→ **What this task involves**
Transcribe exactly the lines that fall between the one holding "Chimamanda Adichie Hair & Hairstyles on BBC" and the one holding "Plus Replacement Lenses", inclusive, from the entries below.

→ **Available data**
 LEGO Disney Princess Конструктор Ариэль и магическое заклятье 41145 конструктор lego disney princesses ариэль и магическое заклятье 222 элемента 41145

--

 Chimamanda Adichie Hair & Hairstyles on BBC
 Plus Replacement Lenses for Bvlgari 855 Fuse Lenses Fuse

→ **Finished exercise**
 Chimamanda Adichie Hair & Hairstyles on BBC
 Plus Replacement Lenses for Bvlgari 855 Fuse Lenses Fuse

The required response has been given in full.